In sum, preparation technology of the present invention is simple; Cost is low; Time is short; Energy consumption is low; Sulfur content is high and controlled; The ammonia that decomposition produces and hydrogen sulfide gas are easy to generate ammonium sulfide and recycle in circulating device, whole technical process is pollution-free; Repeatable strong; Be easy to large-scale production.The sulphur carbon composite of preparation is a kind of desirable lithium-sulfur cell positive electrode.
Description of drawings
Fig. 1 is the scanning electron microscope (SEM) photograph of the prepared sulphur/carbon composite of embodiment 1;
Fig. 2 is the scanning electron microscope (SEM) photograph of the prepared sulphur/carbon composite of embodiment 2;
Fig. 3 is the scanning electron microscope (SEM) photograph of the prepared sulphur/carbon composite of embodiment 3;
Fig. 4 is the scanning electron microscope (SEM) photograph of the prepared sulphur/carbon composite of embodiment 5;
Fig. 5 is the scanning electron microscope (SEM) photograph of the prepared sulphur/carbon composite of embodiment 6.
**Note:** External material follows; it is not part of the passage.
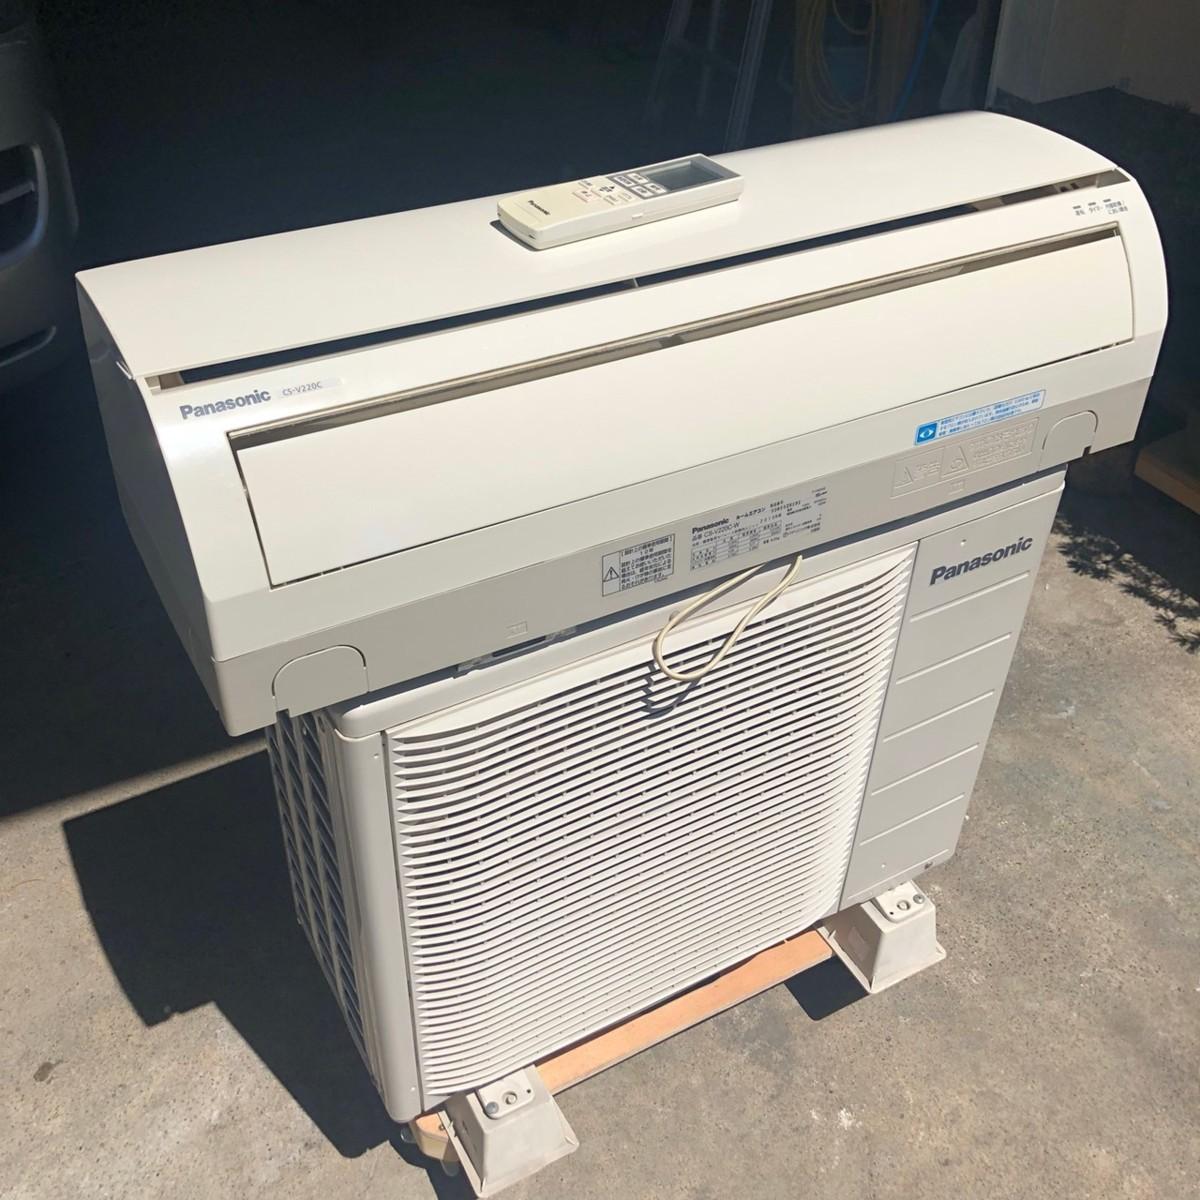 【G1164】2010年製 Panasonic パナソニック セパレート型ルームエアコン CS-V220C-W 冷房(6~9畳) 暖房 (5~6畳) 洗浄済み 空調 壁掛けの1番目の画像

Fig. 6 is take the prepared sulphur/carbon composite of embodiment 1 as anodal 50 discharge capacity curve charts of lithium-sulfur cell;
Fig. 7 is that the prepared sulphur/carbon composite of embodiment 3 is anodal 50 discharge capacity curve charts of lithium-sulfur cell;
Fig. 8 is that the prepared sulphur/carbon composite of embodiment 4 is anodal 50 discharge capacity curve charts of lithium-sulfur cell;
Fig. 9 is that the prepared sulphur/carbon composite of embodiment 5 is anodal 50 discharge capacity curve charts of lithium-sulfur cell;
Figure 10 is that the prepared sulphur/carbon composite of embodiment 6 is anodal 50 discharge capacity curve charts of lithium-sulfur cell.
Figure 11 is the thermogravimetric curve figure of sulphur/carbon composite of obtaining by embodiment 1.
The composite material sulphur carbon dispersion that can find out preparation from the scanning electron microscope (SEM) photograph of accompanying drawing 1-5 is more even, and sulphur and carbon are in conjunction with tight.
Accompanying drawing 6 is that first discharge specific capacity is 1210mAh/g take the prepared sulphur/absorbent charcoal composite material of embodiment 1 as anodal 50 discharge capacity curve charts of lithium-sulfur cell, after 50 circulations greater than 550mAh/g;
Accompanying drawing 7 is that the prepared sulphur/Carbon Black Composites of embodiment 3 is anodal 50 discharge capacity curve charts of lithium-sulfur cell, and first discharge specific capacity is 980mAh/g, and 50 circulations are rear greater than 500mAh/g;
Accompanying drawing 8 is that the prepared sulphur/graphene composite material of embodiment 4 is anodal 50 discharge capacity curve charts of lithium-sulfur cell, and first discharge specific capacity is 1270mAh/g, and 50 circulations are rear greater than 800mAh/g;
Accompanying drawing 9 is that the prepared sulphur/carbon fibre composite of embodiment 5 is anodal 50 discharge capacity curve charts of lithium-sulfur cell, and first discharge specific capacity is 1320mAh/g, and 50 circulations are rear greater than 650mAh/g;
Accompanying drawing 10 is that the prepared sulphur/carbon nano tube compound material of embodiment 6 is anodal 50 discharge capacity curve charts of lithium-sulfur cell, and first discharge specific capacity is 1050mAh/g, and 50 circulations are rear greater than 600mAh/g.Prepared sulphur/carbon composite all shows for anodal lithium-sulfur cell the cycle performance that high first discharge specific capacity is become reconciled.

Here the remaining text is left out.